◆ Try it:
Below are the entries. Print only the lines starting at the one with "webinars green economy" and ending at the one with "msbshse sol class", exactly, with no pictures.

◆ Provided data:
§ §

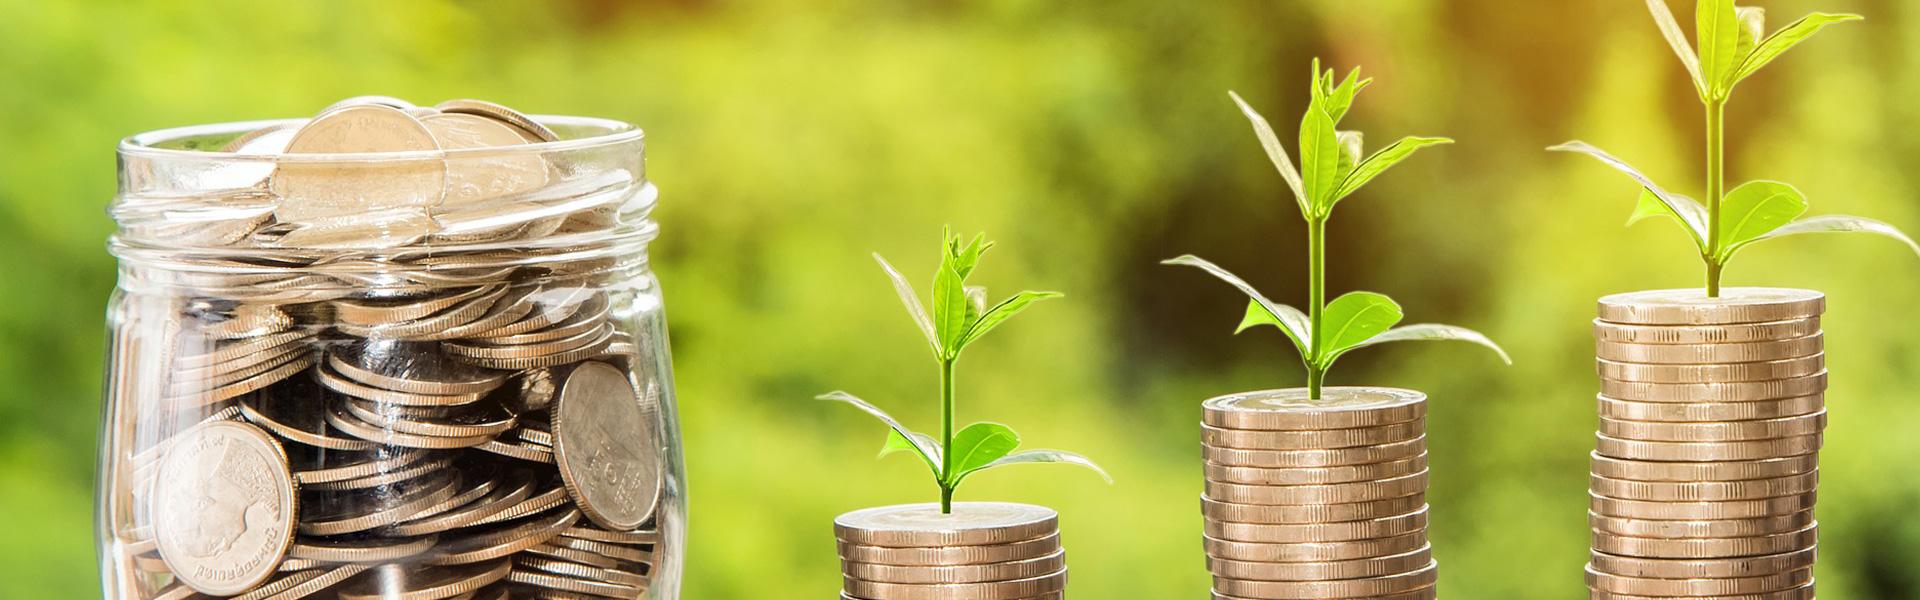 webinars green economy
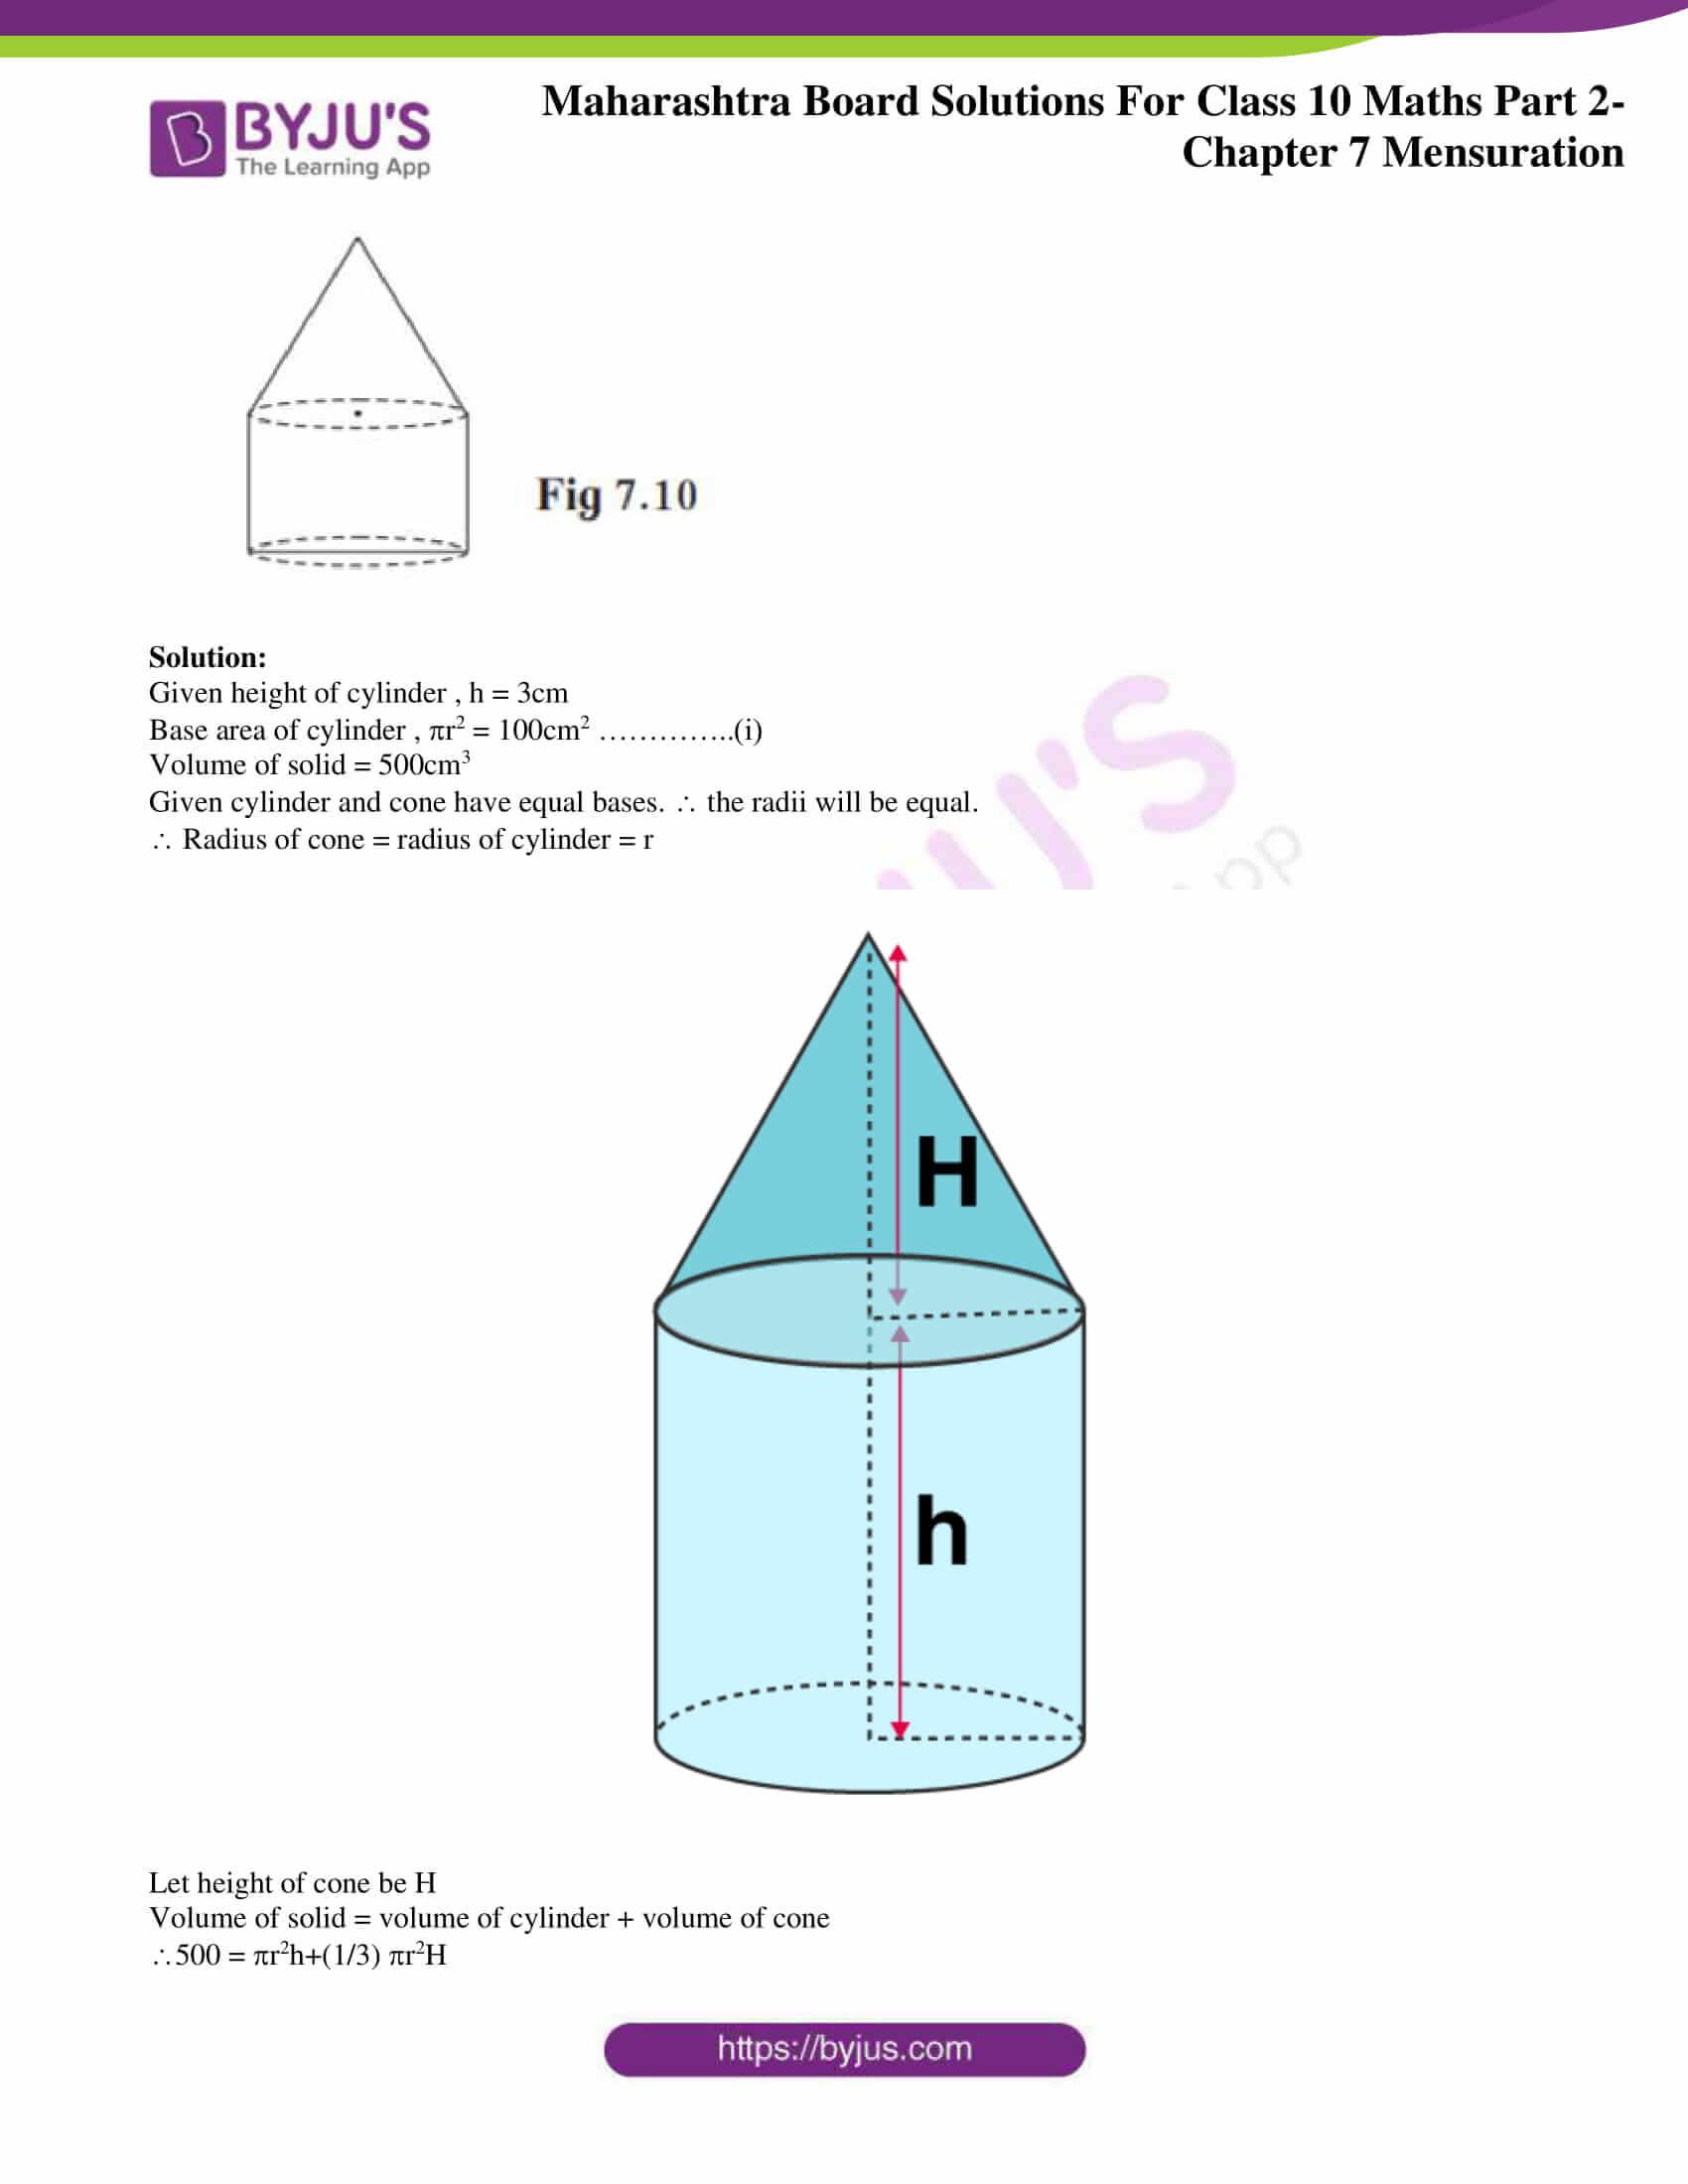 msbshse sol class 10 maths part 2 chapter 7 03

§ §

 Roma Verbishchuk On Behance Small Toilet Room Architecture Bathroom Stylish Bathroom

§ §

◆ Exercise result:
 webinars green economy
 msbshse sol class 10 maths part 2 chapter 7 03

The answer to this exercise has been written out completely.